Recently we came across a customer application that suffered from a 100% compile time degradation when built with llvm13 (and LTO) vs. llvm12. It turns out that the slowdown is caused by loop unrolling, and more specifically Dominator tree updating performed by the loop unrolling pass.
The loop unrolling pass is invoked many times, but the instances that take a large amount of time occur with extremely large functions. I’m not sure about the relationship between the function size and the time Dom tree updating takes, but it appears to be non-linear.
I was wondering if anyone had any insights on how to best throttle loop unrolling in large functions or if that is even the best way to control compile time. Using #pragma clang loop unroll (disable) would be an obvious suggestion for the user, but it would be interesting to consider an option that prevents unrolling when a certain threshold wrt function size is crossed.
A warning at compile time would also help, so the user can more easily diagnose which function they should pay attention to.
At the very least this looks like a serious regression between versions. Can you check clang 14 to see if the issue remains?
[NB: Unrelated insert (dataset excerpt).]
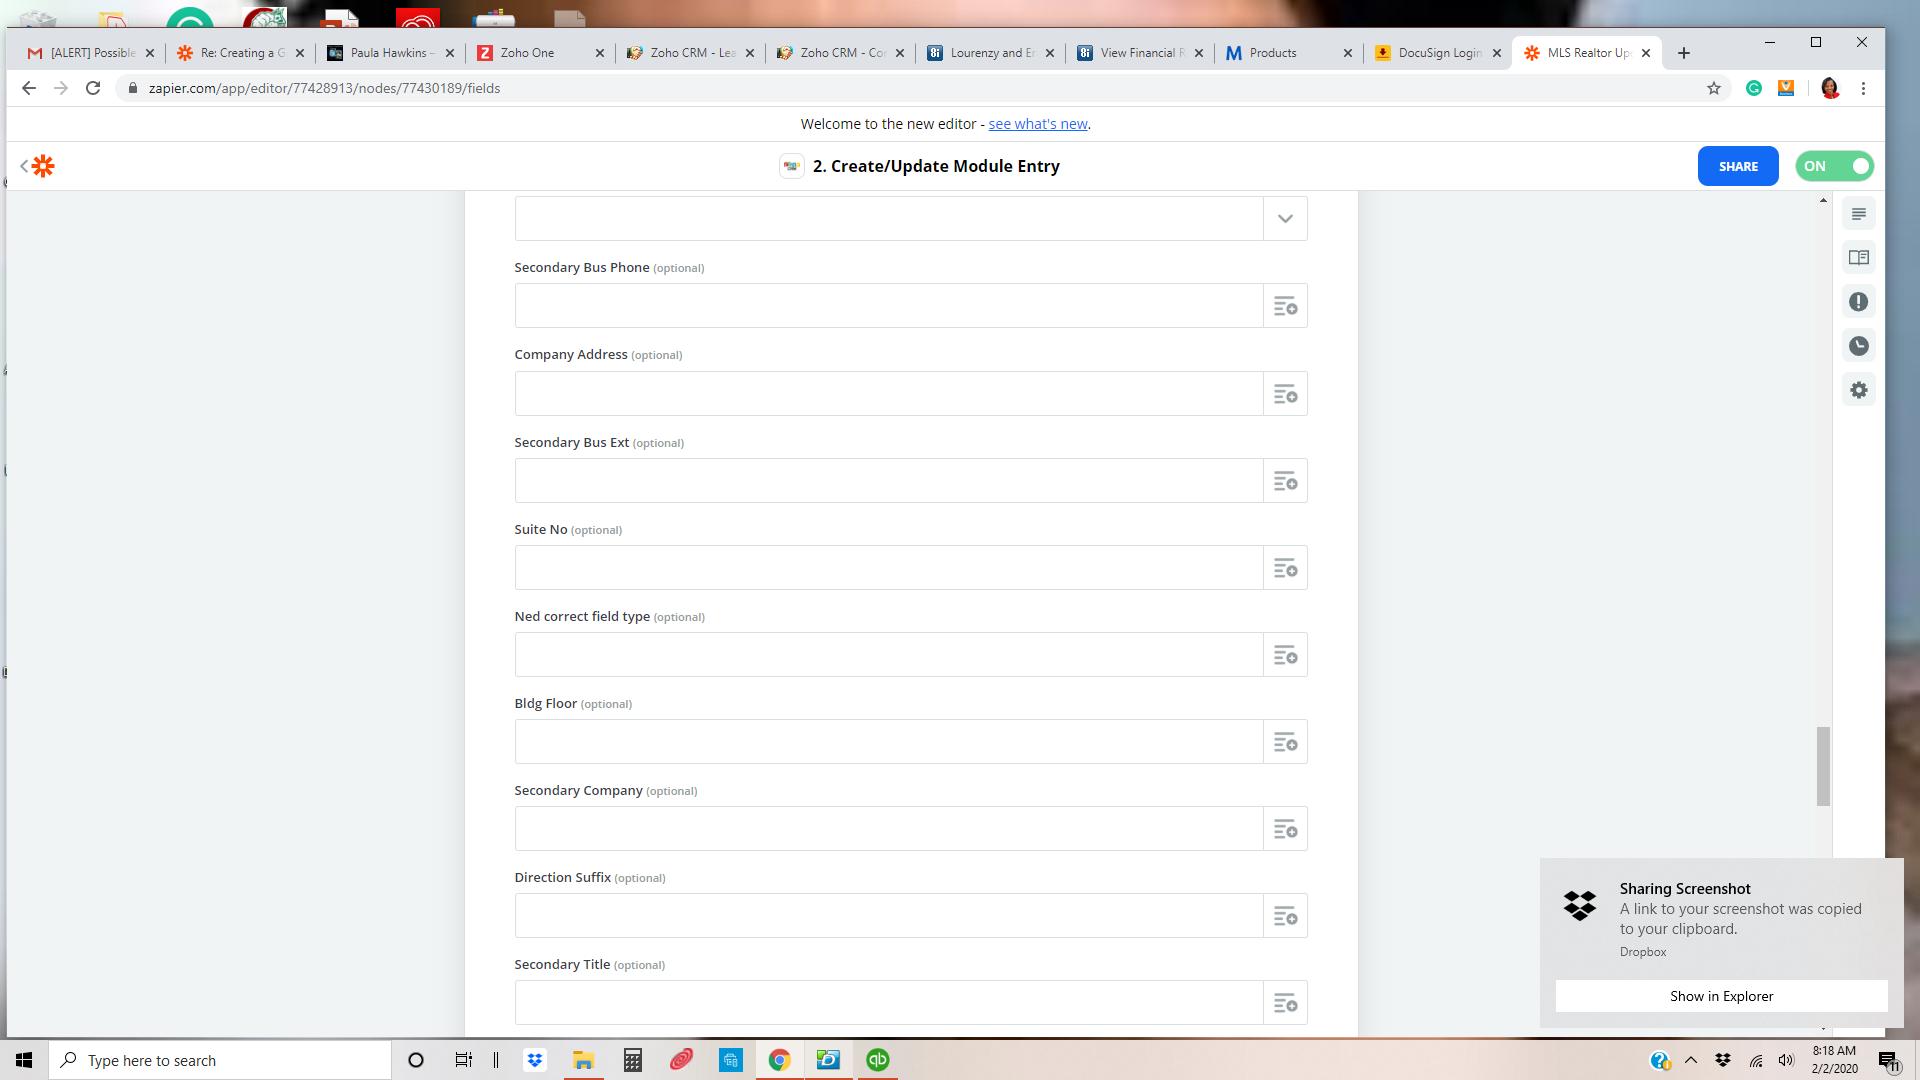 Screenshot 2020-02-02 08.18.41.png

I’m pinging some people that seem to have worked on the dominator tree analysis around 2020/2021 to see if anything rings a bell. By your description, this sounds like a change in complexity of some analysis, or perhaps just a side effect of a more aggressive unrolling making the already existing complex analysis go much slower.
Though I’d still find it odd that DT updates by the unroller have a significant impact on end-to-end compile-time, unless we are unrolling many small loops inside a huge function and each one recomputes the DT, or something like that.
(Based on your description, I’m assuming this is not a case where unrolling itself produces a lot of code.)